Overrides are meant for evaluation and development purposes and not production usage.
They and are done through the browser and apply to the current user session only.

Enable

To enable the ability to override all the following must be true:
  1. 1.
    Enable feature_flag_overrides_enabled in the environment configuration.
  2. 2.
    Use a dev or staging server.
  3. 3.
    Are a Global or Program admin.

Access

Boolean flags can be enabled or disabled via url and persist for the browser session.
  • /dev/feature/feature_flag_name/enable
  • /dev/feature/feature_flag_name/disable
For example: /dev/feature/application_status_tracking_enabled/enable enables the status tracking feature for the current user.
The current state of Overrides can be viewed at /dev/feature

Testing

Junit

There are two ways to test Feature Flag conditioned code.
Mock
Create a Mock of FeatureFlags and create a new instance of the class under test passing your mock to it. You can then mock the accessor return values as needed.
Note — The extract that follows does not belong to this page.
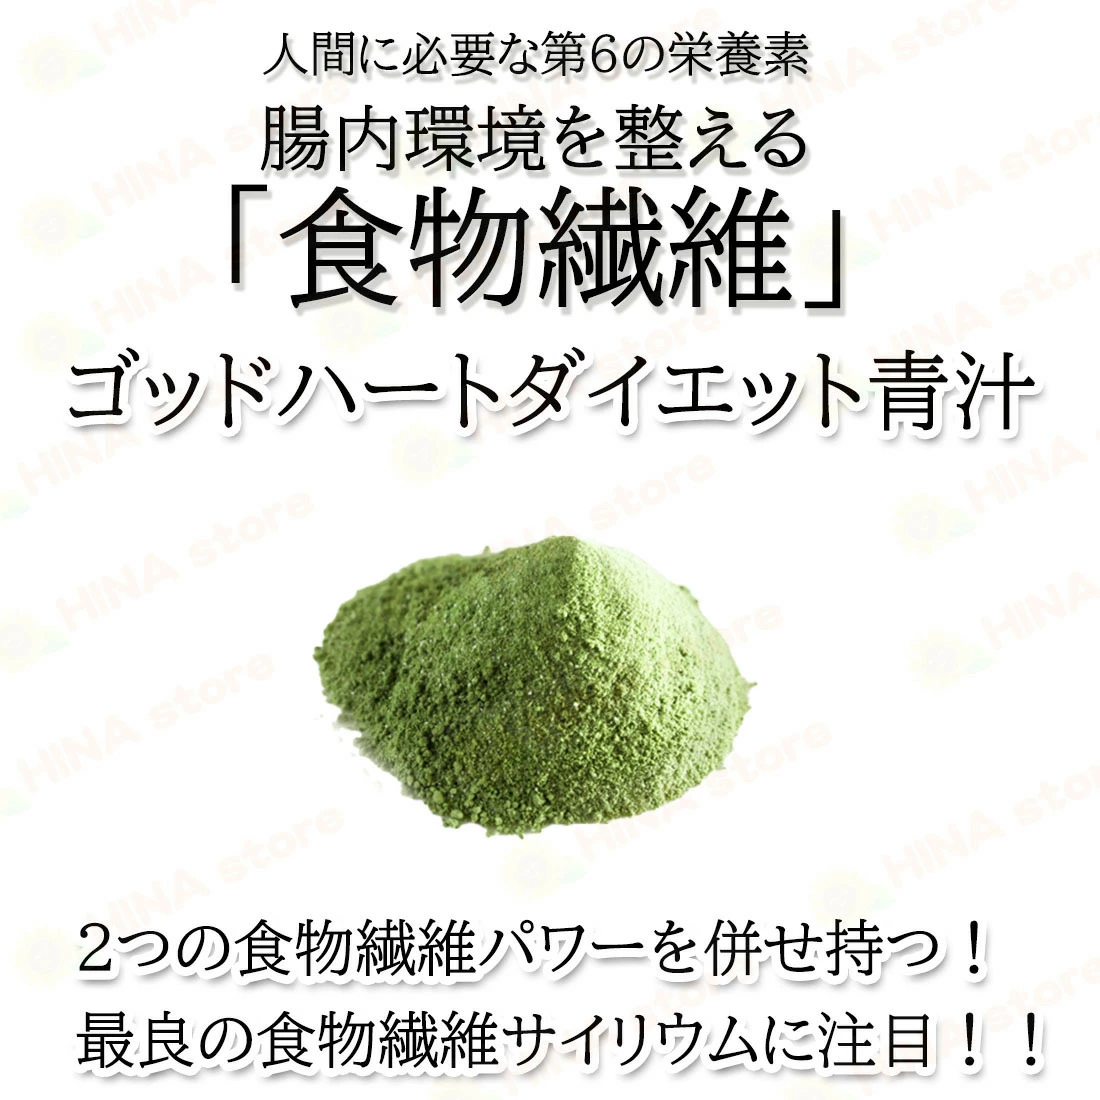 銀座まるかんダイエット青汁 2箱 賞味期限24年6月 - ダイエット
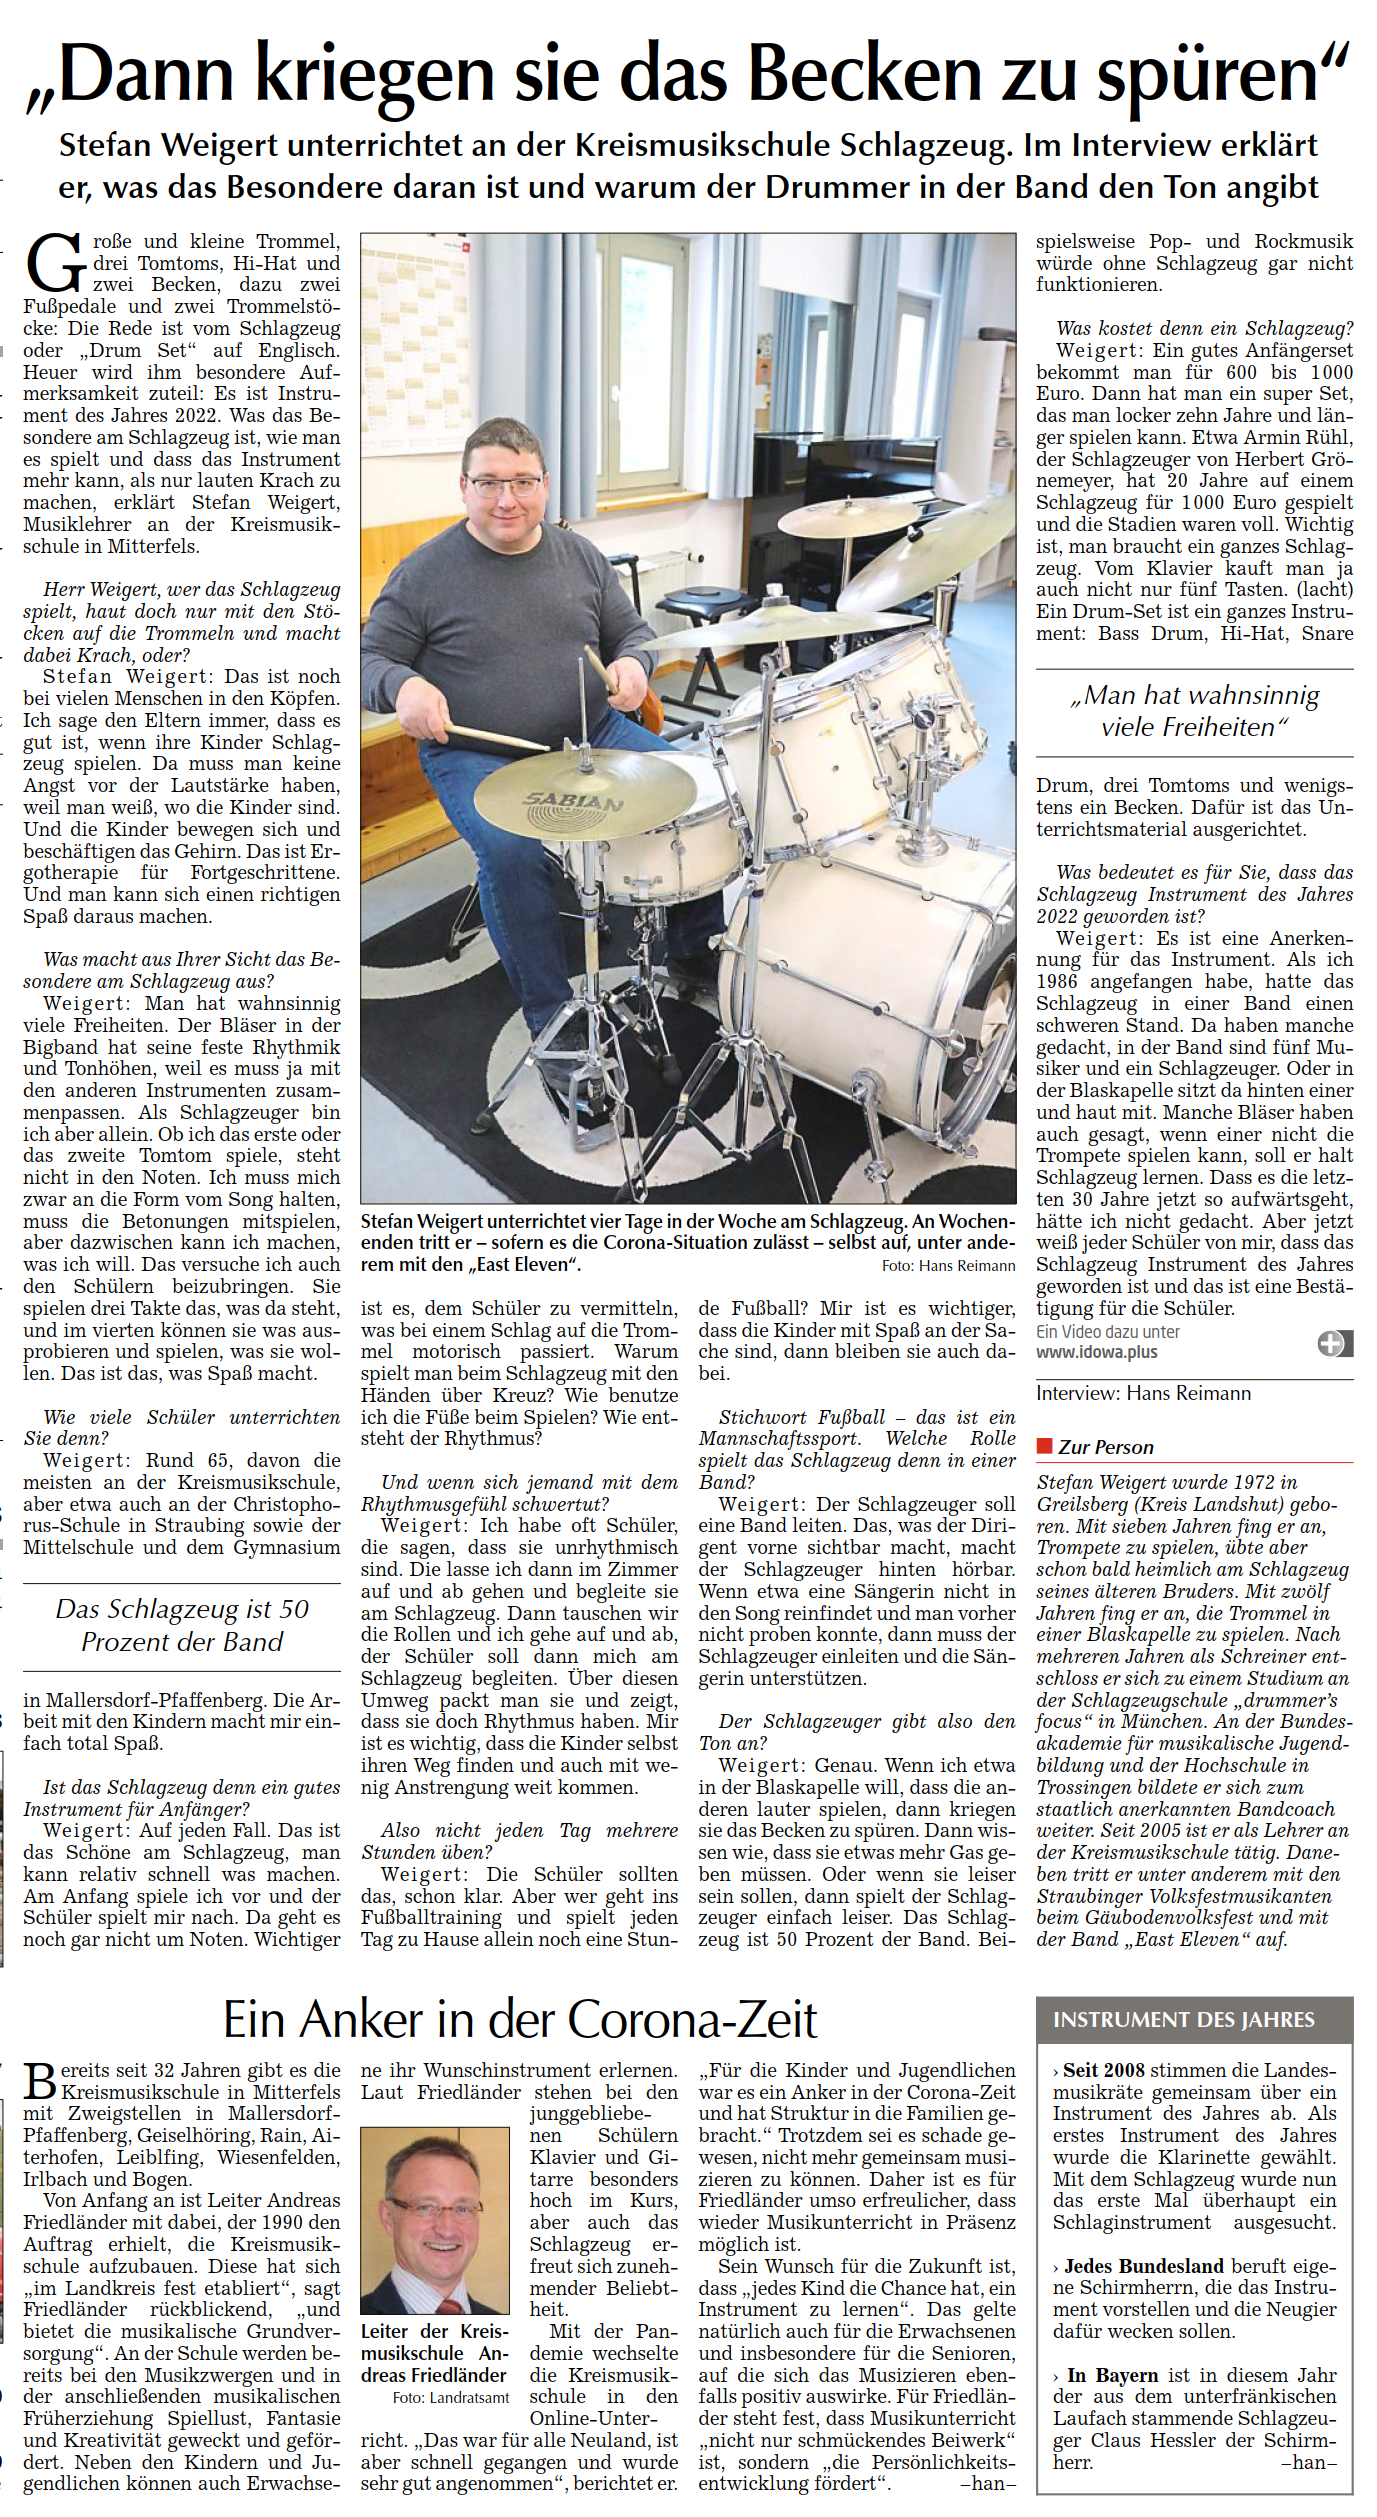 Bild zu Stefan Weigert unterrichtet an der Kreismusikschule Schlagzeug, Straubinger Tagblatt 15.02.2022

They're boolean=false by default.
Note this will require manually injecting all its other dependencies via instanceOf().
Creating providers (for DateTime things) is different and looks like Providers.of(LocalDateTime.now(ZoneId.systemDefault())
Request config
Use the override functionality of FeatureFlags and set the session data of your fake requests.
Helpers.fakeRequest().session(FeatureFlags.APPLICATION_STATUS_TRACKING_ENABLED.toString(), "false")

Browser

Browser tests use the url override mechanism, which means the feature implementation must also use the http Request for any paths that you test.
This can be done by using the enableFeatureFlag(page, flagName) method in index.ts in your tests.

Probers

Browser tests are overloaded in their usage and are also used as deployment "probers" in various environments including CiviForm ran Staging servers as well Civic Entity ones, this means the default state of feature flags and flagged code in browser tests can not be assumed and must be explicitly set and managed.
For instance CiviForm staging might enable the feature while Seattle Staging does not. When you add the flagged java code you may then get different results in the existing tests until you also update them.

Best Practices

  1. 1.
    Always guard DB write code, even if a path can't be reached unless upstream guarded code was enabled.
  2. 2.
    Consider what will happen if your flag is enabled for some time then disabled. Should data views still be accessible? etc.
  3. 3.
    Always test code with your feature off and on, or other variations. Our dev environments make it easy to only see the bleeding-edge of features, but real users will be seeing the stable released version of your code.